К рассвету я обнаружил, что голосами можно управлять – я был чем-то вроде радиоприемника и мог уменьшать или увеличивать громкость; я мог избирать отдельные голоса; я даже мог усилием воли выключать этот новообретенный внутренний слух. Я сам удивился, как скоро страх покинул меня; к утру я уже думал: «Ребята, да это лучше, чем „Индийское радио“; ребята, это даже лучше, чем „Радио Цейлон“»!»
Вот вам доказательство сестринской преданности: когда двадцать четыре часа истекли, минута в минуту, Медная Мартышка помчалась в комнату матери. (Думаю, было воскресенье: в школу я не пошел. А может, и другой какой день – в то лето устраивались марши языков, и школы часто закрывались{118}, потому что дороги становились опасными).
– Время вышло! – воскликнула Мартышка, встряхивая сонную матушку. – Амма, проснись, уже время: теперь ему можно говорить?
– Ну ладно, – сказала мать, придя в небесно-голубую комнатку поцеловать меня, – я тебя прощаю. Только никогда больше не прячься там…
– Амма, – заявил я серьезно, – пожалуйста, послушай. Я должен что-то вам рассказать. Что-то важное. Но пожалуйста, пожалуйста, прежде всего разбуди аббу.
И после различных: «Что такое?», «Зачем?» и «Еще чего» мать все же уловила в моих глазах нечто необычайное и в тревоге пошла будить Ахмеда Синая: «Джанум, иди со мной, пожалуйста. Не знаю, что такое стряслось с Салемом».
Вся семья вместе с нянькой собралась в гостиной. Среди хрустальных ваз и пухлых подушек, стоя на персидском ковре под мелькающими тенями от лопастей вентилятора, я встретил улыбкой нетерпеливые взгляды и стал готовить свое откровение. Вот оно, вот: сейчас начнут оправдываться их вложения, будет получен от меня первый дивиденд – первый, я был уверен, из многих… моя темнокожая матушка, отец с выступающей нижней губой, Мартышка-сестра и скрывающая преступление няня – все ждали в лихорадочном волнении.
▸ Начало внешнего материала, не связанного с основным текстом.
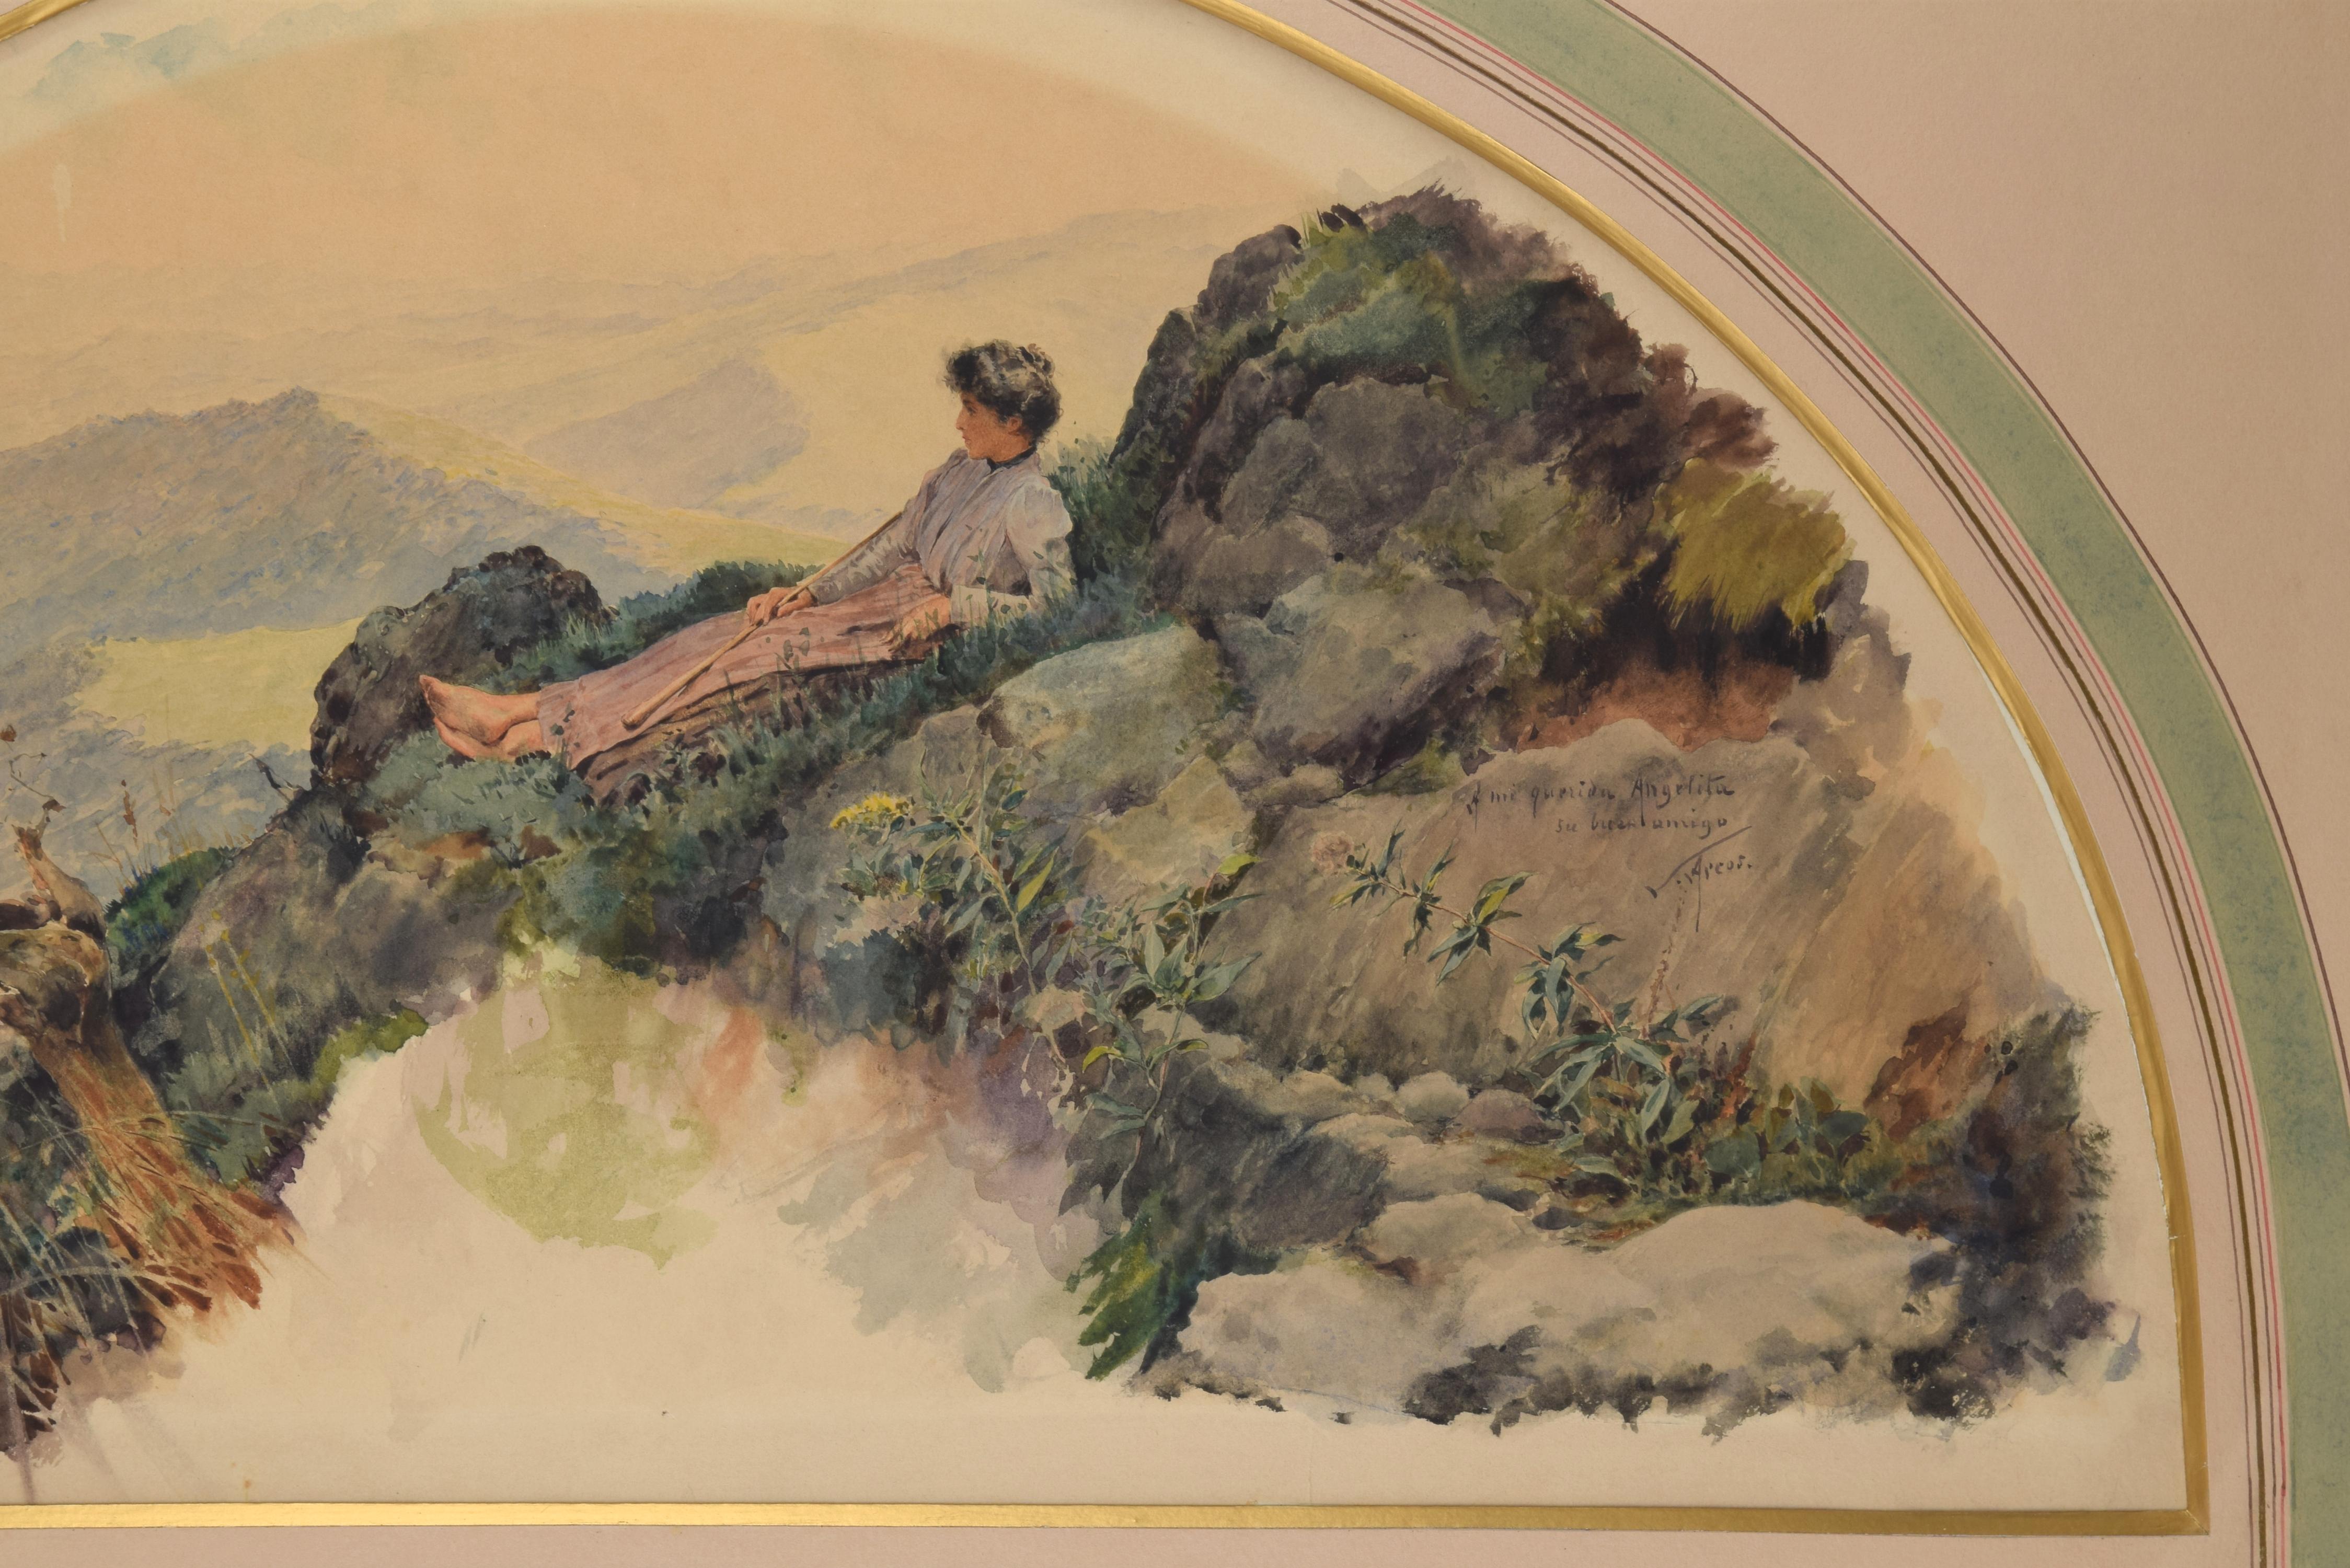 Other Lady in Landscape, Watercolor, Dedicated and Signed, Arcos Y Megalde, Santiago

Ну, выкладывай. Прямо, без обиняков. «Вы должны узнать первыми», – заявил я, стараясь придать своей речи взрослые интонации. И потом рассказал им. «Я вчера слышал голоса. Голоса звучат у меня в голове. Я думаю – амма, абба, я правда так думаю, что архангелы начали говорить со мной».
«Вот оно! – подумал я. – Вот!» Все сказано! Теперь меня станут хлопать по спине, задарят сластями, начнутся публичные оглашения, может быть, появятся новые фотографии; теперь они все просто раздуются от гордости. О, святая наивность ребенка! В ответ на мое чистосердечие – на мое искреннее, отчаянное желание угодить – на меня набросились со всех сторон. Даже Мартышка: «О, Боже, Салем, весь этот переполох, тамаша[69], весь этот спектакль – ради твоего дурацкого бахвальства? У тебя что, черепушка треснула?» А Мари Перейра еще хуже Мартышки: «Иисусе Христе! Святейший Папа Римский, какое богохульство довелось мне услышать!» А еще хуже Мари Перейры – моя мать, Амина Синай: Черное Манго скрыто от глаз, губы, еще теплые от неназываемого имени. Она вскричала: «Убереги нас, Отец Небесный! Из-за этого мальчишки крыша обрушится на наши головы!» (Может, и в этом тоже я виноват?) Амина продолжала: «Ах ты, негодник! Гунда[70], лоботряс! О, Салем, или ты потерял разум? Что случилось с моим дорогим малышом. Ты, видно, хочешь вырасти безумцем – моим мучителем?» Но куда хуже криков Амины было молчание моего отца; хуже, чем ее страх, был ярый гнев, омрачивший его чело; а хуже всего была отцовская рука, толстопалая, узловатая, тяжелая, протянувшаяся внезапно и отвесившая мне мощную затрещину, такую, что с этого дня я уже никогда не слышал как следует левым ухом; такую, что по воздуху, напоенному скандалом, я перелетел через всю охваченную переполохом комнату и разбил зеленое матовое стекло, покрывавшее стол; впервые в жизни обретя уверенность в себе, я был вброшен в зеленый, туманно-стеклянный мир, полный режущих краев; в мир, где я не мог уже рассказать самым важным для меня людям, что происходит у меня в голове; я искромсал себе руки зелеными осколками, проникая в бешено вращающуюся вселенную, где я был обречен, пока не сделалось слишком поздно, страдать от постоянных сомнений по поводу того, зачем я нужен.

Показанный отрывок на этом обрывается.